I feel like this week has been something of a failure in the formal academics department. The main reason for this is that the girls had a swimming lesson daily at 10:30. This means that after we all got up, had breakfast, did a few chores and maybe, if everything went extremely well (which happened fewer times than it didn’t), did a little bit of reading aloud before getting suited up and appropriately lathered with sunscreen. Then we headed over to the neighboring city (no more than 5 miles away) for the girls to have one-on-one time with swimming instructors. The swimming lessons went well, with one girl finishing the week swimming like a little fish and the other girl making admirable progress in conquering her fear of getting her face wet. 🙂 However, this was pretty much death for making much progress in our continent study because after returning home from the pool, we had to hurry-up-quick get a bite of lunch or get the DLM to sleep (the order of these two events being heavily dependent on the fussiness factor). It was at least 1:00 by the time all of these things were done, and my number one goal this week was for Lulu to finish RightStart level B. Anything else was above and beyond my expectation for the week, really, although those expectations of mine die really hard.

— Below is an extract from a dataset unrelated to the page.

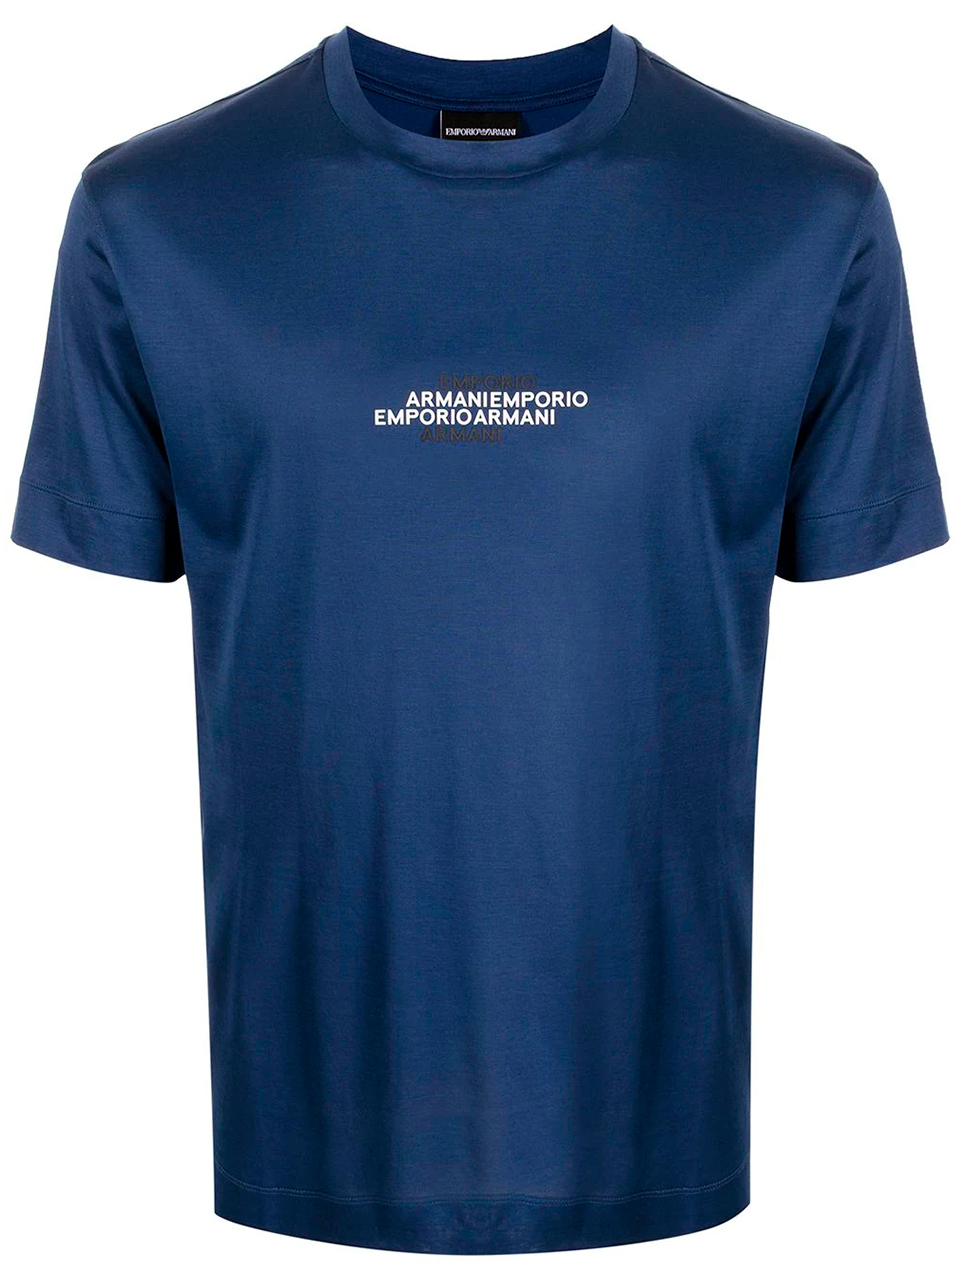 Imagem de: Camiseta Emporio Armani Azul com Logo Bicolor

So basically, this week went something like this:
I think we read Bible stories two or three times this week. We’re trying to get into the habit of reading the actual Bible together as a family after supper each day; I think we did it once this week. 🙂
Math: Lulu finished the last regular lesson in RightStart B, which is a lesson on graphing. Of course, we had already studied graphing using some living math books back a few months ago, so this wasn’t completely new to her. She loved collecting the data by calling up her grandparents, daddy at work, and her aunt and cousins to ask them all how many pockets they had on their clothing. 🙂 However, thinking about the data in two different ways (i.e. how many pockets is each person wearing vs. how many people have one, two, three, etc. pockets) was tricky.
Yesterday she took the final test at the end of the math curriculum, which is always a funny thing for me to administer. (Actually, I haven’t had a lot of experience with this in our homeshcool since the methods we’ve used aren’t heavily dependent on tests, but it’s amazing how many of my expectations and hopes are wrapped up in these admittedly limited units of evaluation.) Lulu acquitted herself well, but I was surprised that she struggled with solving one of the word problems, in particular. I’ll admit it–I panicked a bit. 🙂 Looking back, I realize that giving her this test after a tiring morning (swimming, plus she slept poorly the night before due to some violent thunderstorms that swept the area in the early morning hours) wasn’t the best timing. Additionally, she hadn’t seen or thought about this type of problem in quite some time; most of our summer math work has been on miscellaneous topics (measuring, graphing, time), rather than the basics of problem solving. We went back and discussed the problem, and then we reviewed by going over a few more like it. We ended our math time with a couple of games, but really, by then I had taxed Lulu’s ability to concentrate. This math experience brought to light a couple of things I really need to work on as a homeschool teacher that I think will help our days to be more productive:
- adhere to the full attention/short lessons of CM. I’m not sure how this will play out in math; the RS always take longer than fifteen minutes to complete. Maybe I’ll break our math time up into separate time periods. Any ideas?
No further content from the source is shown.